И вот теперь директор стоял рядом с Элинборг и обменивался рукопожатиями с Эрлендом и Сигурдом Оли. Он был таким толстым, что костюм еле-еле на нем сходился. Пиджак на животе был застегнут на одну пуговицу, которая, казалось, вот-вот оторвется. Брючный ремень скрывался под огромным выпирающим брюхом. Директор так сильно потел, что не выпускал из рук большого белого носового платка, которым постоянно вытирал лоб и шею. Воротничок светлой рубашки стал влажным от пота.
Эрленд пожал его липкую руку.
— Благодарю вас, — выдохнул директор, отдуваясь, как гигантский кит. Он управлял этим отелем порядка двадцати лет, и ничего подобного никогда не случалось.
— В самый разгар рождественской суматохи, — причитал директор. — Я не понимаю, как такое могло произойти. Как это могло случиться? — повторял он. Было очевидно, что бедняга в полной растерянности.
— Он наверху или внизу? — спросил Эрленд.
— Наверху или внизу? — удивился толстяк. — Вы имеете в виду, вознесся ли он на небеса?
— Да, именно это мы и хотим выяснить… — сказал Эрленд.
— Может быть, поднимемся на лифте? — спросил Сигурд Оли.
— Нет, — откликнулся директор, с досадой глянув на Эрленда. — Он внизу в подвале, в маленькой каморке. Нам не хотелось выгонять его на улицу. И вот теперь приходится расхлебывать.
— Почему вы собирались выставить его вон? — поинтересовался Эрленд.
Директор уставился на него, ничего не ответив.
Они медленно спускались по лестнице за лифтом. Первым шел директор. Спуск давался ему с большим трудом, и Эрленд гадал, как он потом поднимется.
Они договорились проявлять такт по отношению к постояльцам отеля и не привлекать к себе их внимания. Эрленд, впрочем, в соглашении не участвовал. Три полицейские машины и карета «скорой помощи» подъехали со двора. Полицейские и врачи вошли через запасный выход. Районный медик уже выехал. Он должен был констатировать смерть и вызвать машину из морга.
Они двигались по длинному коридору вслед за пыхтящим китом. Их встретили одетые в униформу полицейские. Свет становился все более тусклым. Лампочки под потолком перегорели, но никто и не думал их менять. В потемках они подошли к двери, открывающейся внутрь крошечной комнатки, похожей скорее на чулан, чем на жилое помещение. В тесное пространство были втиснуты узкая кровать и маленький письменный стол. Потертая оборванная циновка прикрывала замызганный дощатый пол. Под потолком находилось малюсенькое окошечко.
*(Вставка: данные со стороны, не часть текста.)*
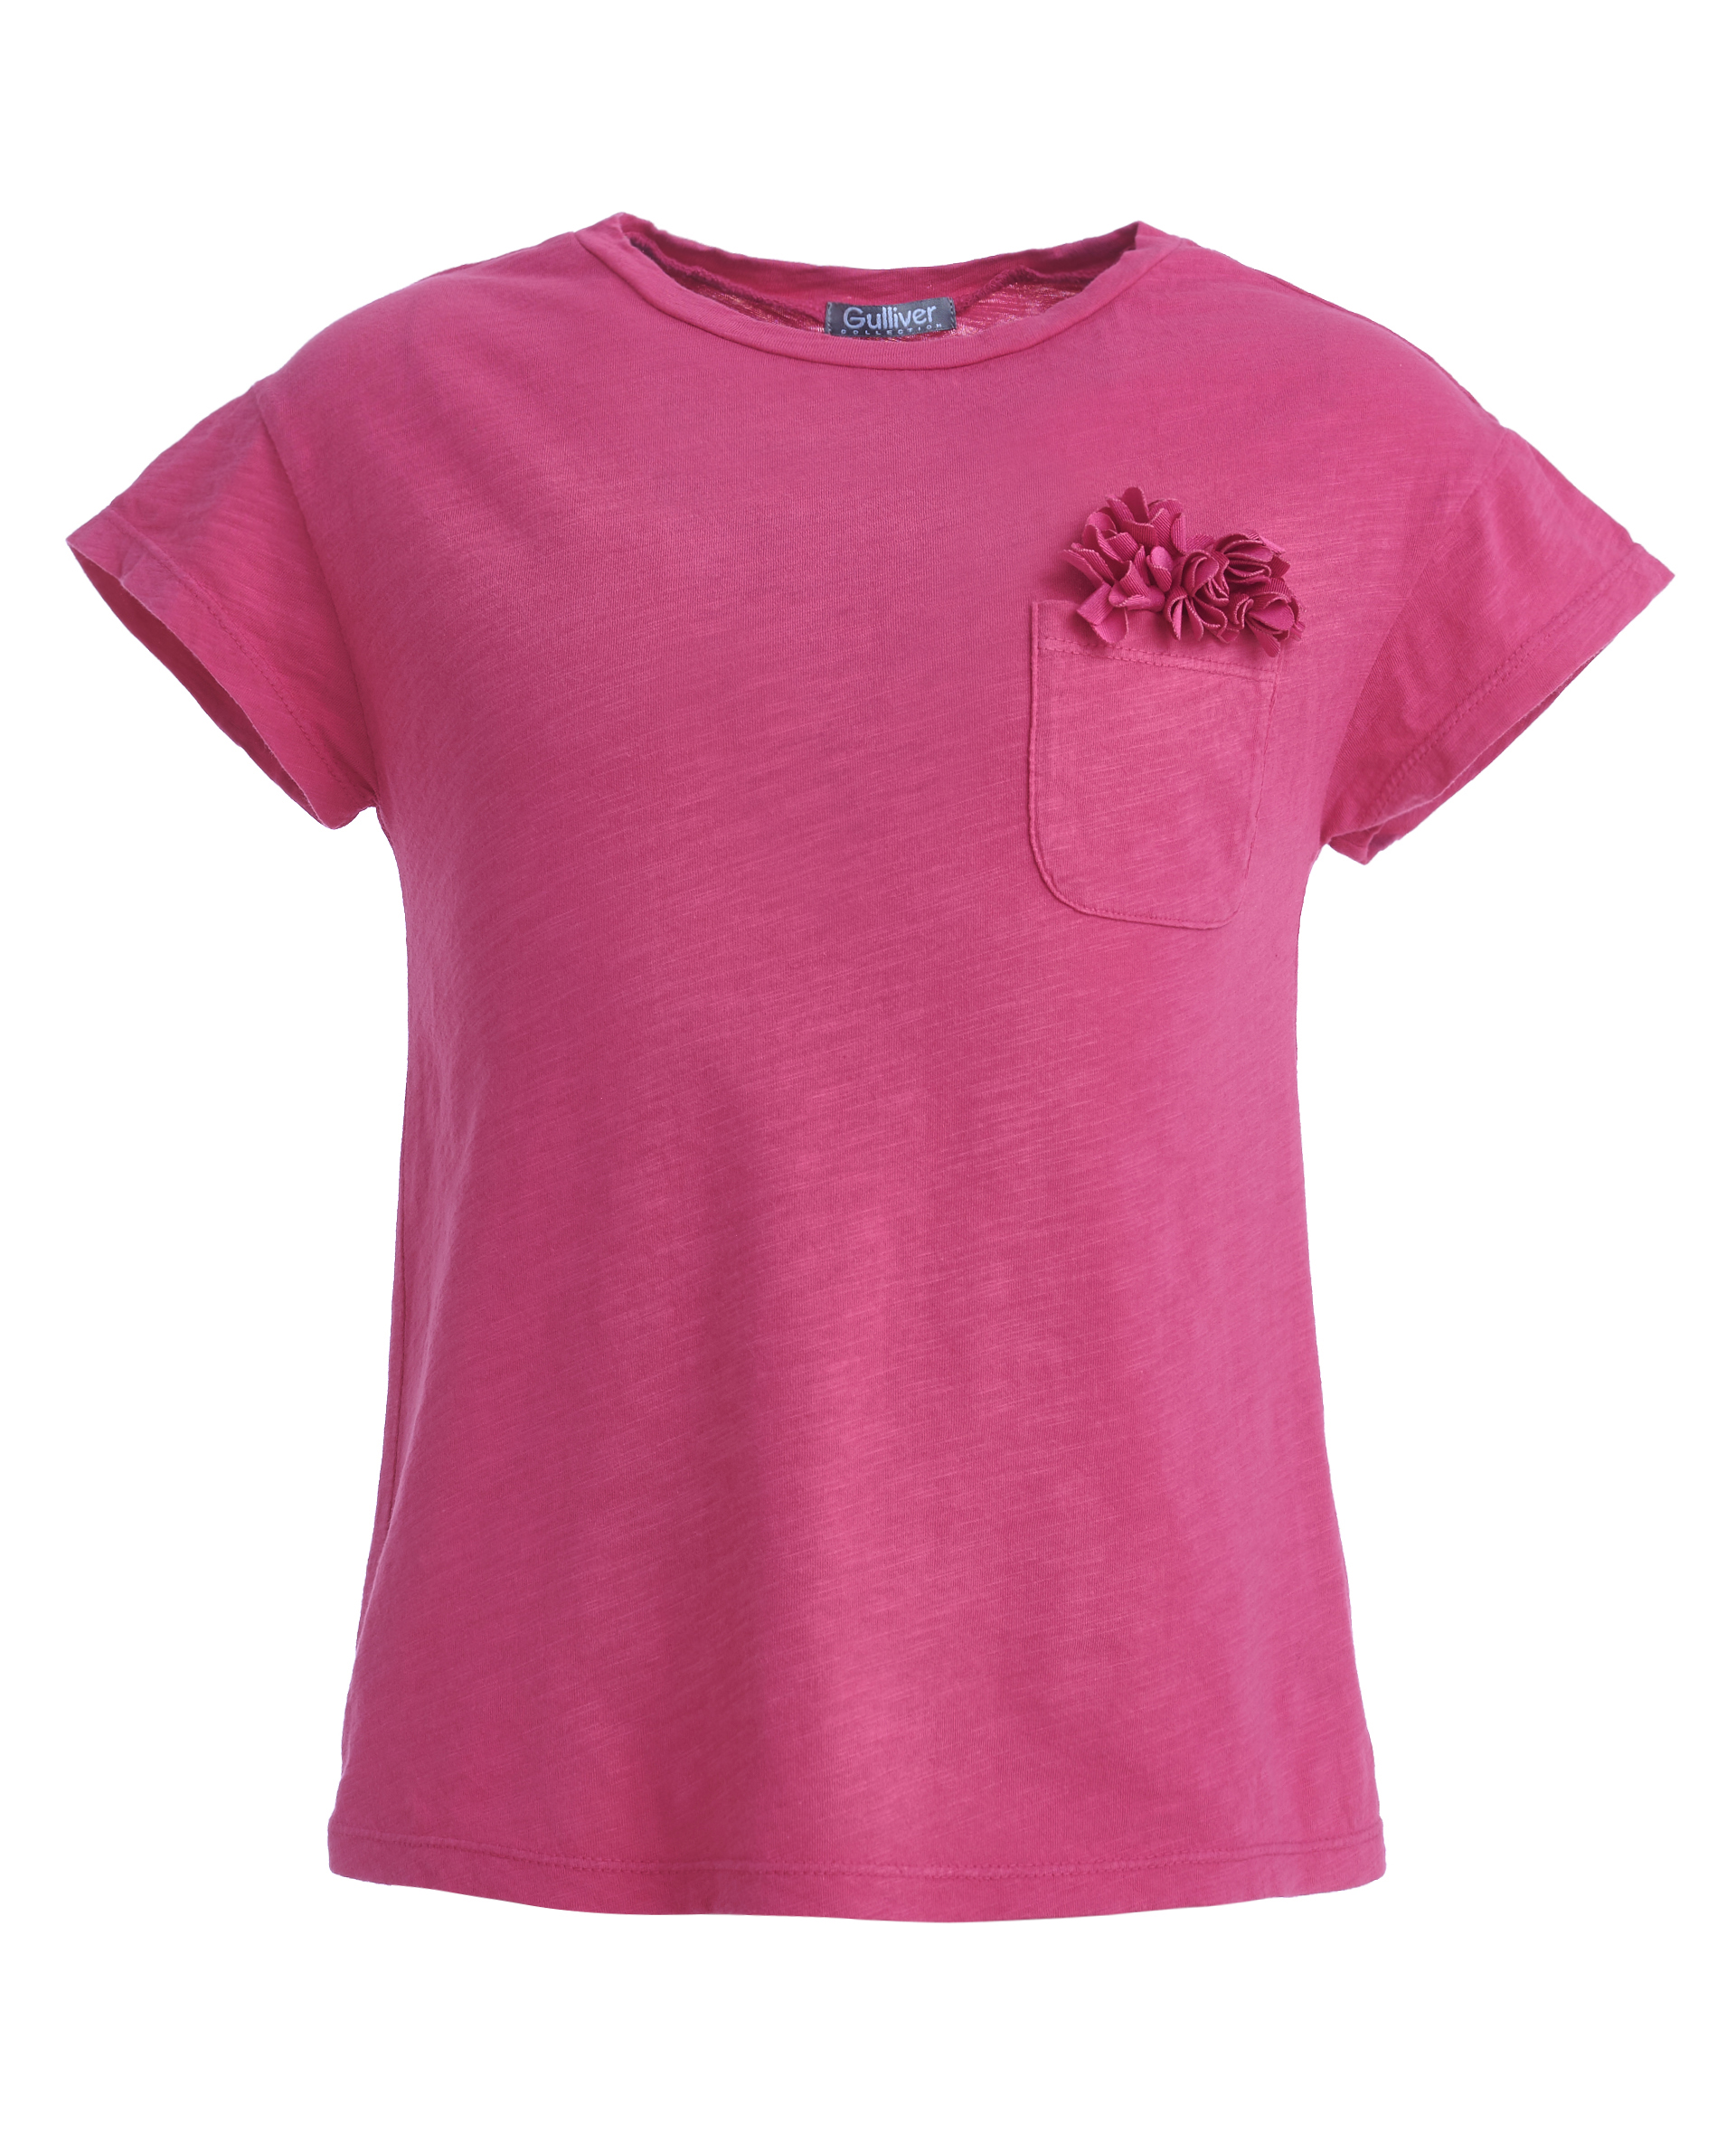 Купить 11902GMC1209, Розовая футболка, декорированная цветами Gulliver, розовый, 98, Женский, ВЕСНА/ЛЕТО 2019 (shop: GulliverMarket Gulliver Market)

На кровати, привалившись к стене, сидел человек. Он был облачен в красный костюм Деда Мороза, шапка с головы съехала на лицо, скрытое большой белой бородой. Широкий пояс распущен, шуба расстегнута, под ней — только белая футболка. Смертоносная колотая рана пришлась на область сердца. На теле были и другие раны, но удар в сердце стал фатальным. Царапины покрывали руки, как будто он пытался оказать сопротивление.
Брюки были спущены, на член натянут презерватив.
— «…спустился с горных вершин»,[3]— промурлыкал Сигурд Оли, разглядывая покойника.
Элинборг шикнула на него.
Небольшой платяной шкаф был открыт. Там лежали сложенные брюки и вязаные кофты, отглаженные рубашки, нижнее белье и носки. На вешалке висела темно-синяя ливрея с позолоченными кистями на эполетах и блестящими латунными пуговицами. Около шкафа стояли начищенные до блеска кожаные ботинки.